TypeError: expected string or buffer

What's wrong in my code?

A temporary way has been the code below, but I would like to use your code

import csv
with open('input.csv', 'rb') as csvfile:
    temp_lines = csvfile.readline() + '\n' + csvfile.readline()
    dialect = csv.Sniffer().sniff(temp_lines, delimiters=',\t;|')
dialect.delimiter
jobarratt
@jobarratt
Sep 24 2018 10:12 UTC
Save the Date! csv,conf,v4 is happening! We will be heading back to the Eliot Centre in Portland on May 8-9 next year for more talks about data sharing and data analysis from science, journalism, government, and open source. more announcements in the next few weeks https://csvconf.com/
Sign up to Slack for the latest updates and https://csvconf-slackin.herokuapp.com/
@aborruso Ahh my bad it should be resource.raw_read (without the limit argument I think)
Andrea Borruso
@aborruso
Sep 24 2018 12:27 UTC
Ok @roll I will try, thank you
Andrea Borruso
@aborruso
Sep 24 2018 12:53 UTC

@aborruso Ahh my bad it should be resource.raw_read (without the limit argument I think)

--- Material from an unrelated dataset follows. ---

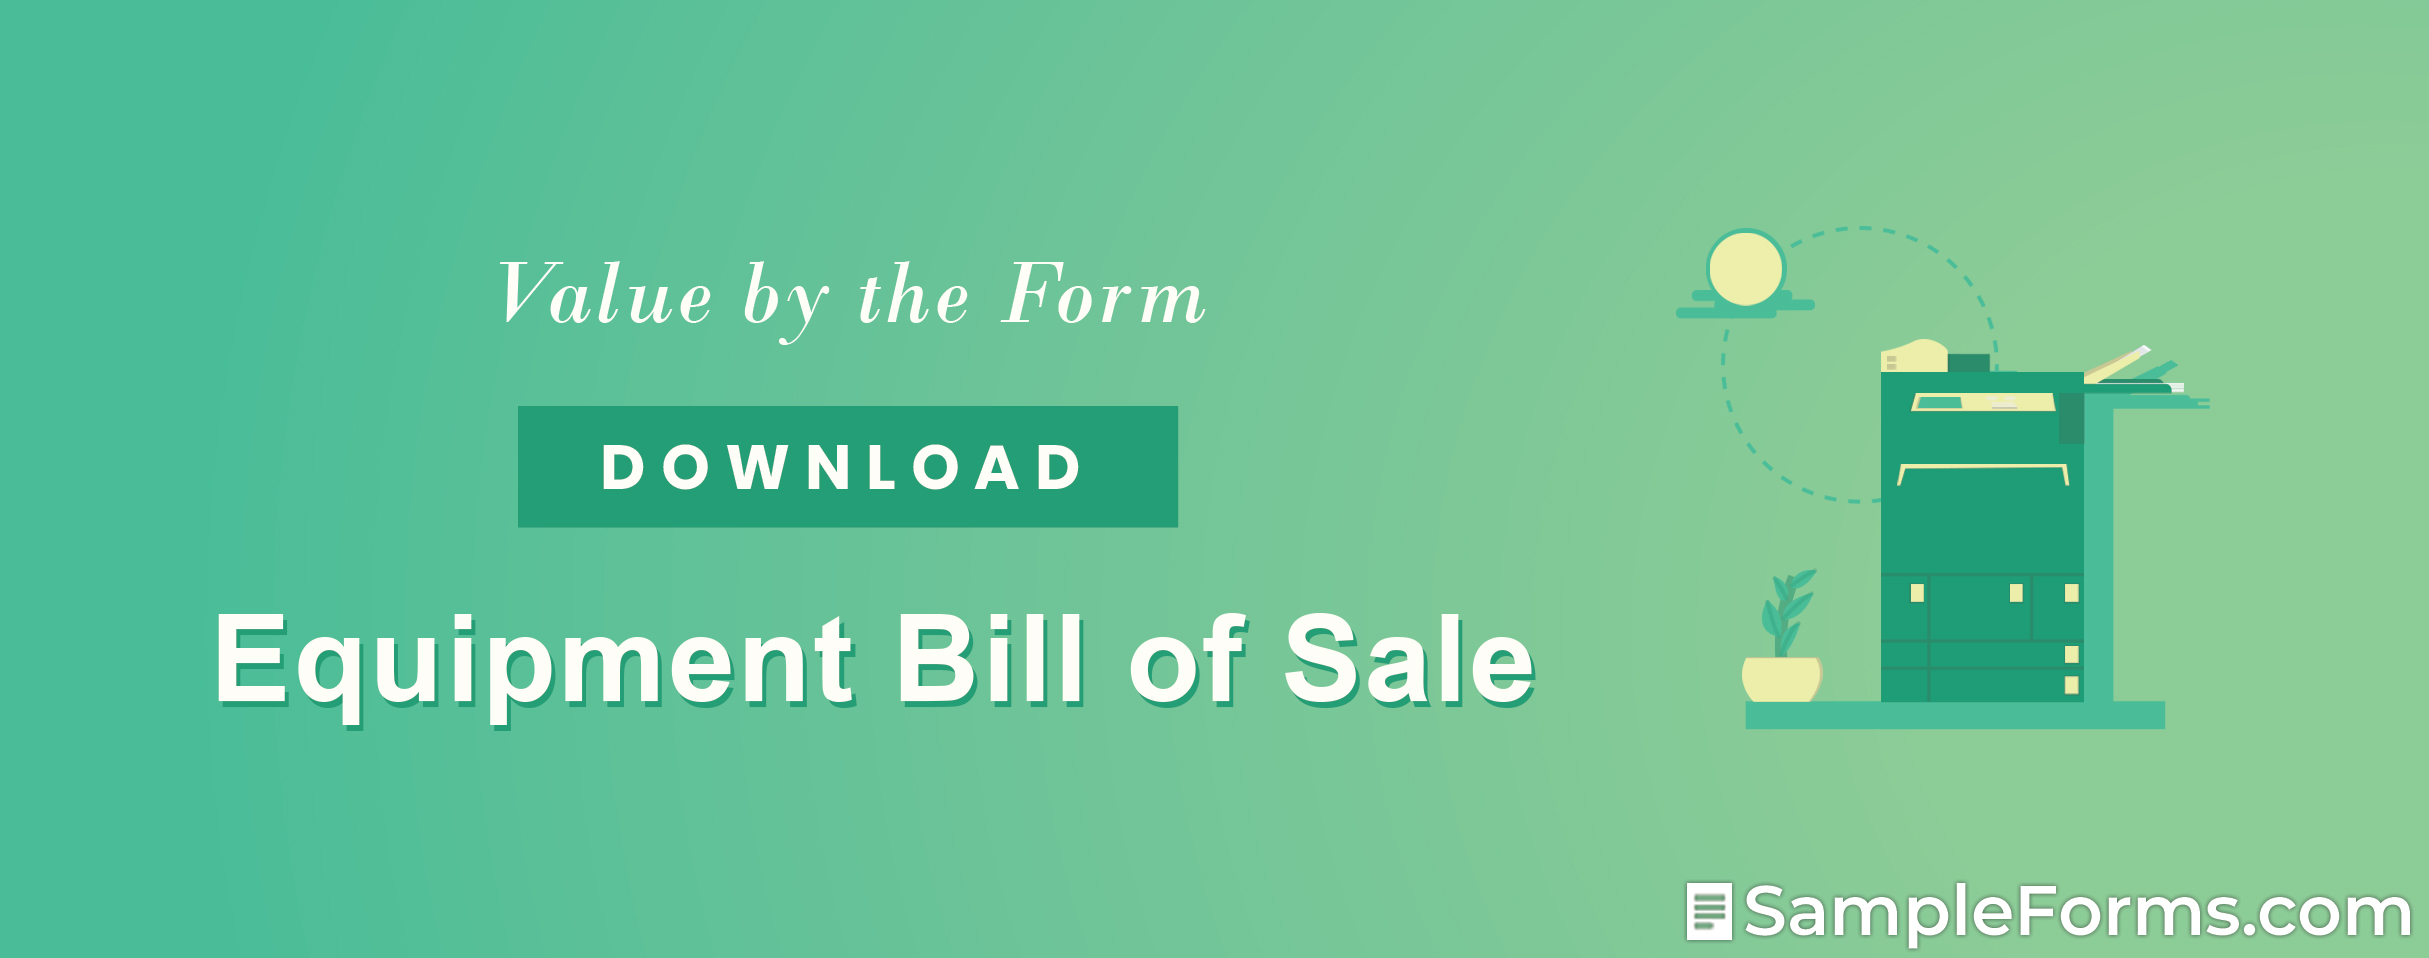 Equipment Bill of Sale Form

It works perfectly, thank you

import csv
from datapackage import Resource
resource = Resource({u'path': 'input.csv'})
dialect = csv.Sniffer().sniff(resource.raw_read())
dialect.delimiter
:+1:
Andrea Borruso
@aborruso
Sep 24 2018 13:02 UTC
@roll what about to add ass feature also the delimiter in the managed infos?
Robert Gieseke
@rgieseke
Sep 24 2018 14:42 UTC
Hi all, the latest release of the Pandas Datapackage reader can now also read GeoJSON into GeoPandas DataFrames: https://github.com/rgieseke/pandas-datapackage-reader
David Cottrell
@cottrell
Sep 24 2018 14:49 UTC
Asking a question again, sorry if I missed an answer in the rolling chat. Where should datapackage "getters" go for non-local data? Is this a datapipeline or is there some feature of datapackages themselves I have missed? For example, wget <url> plus a schema, delimiter etc.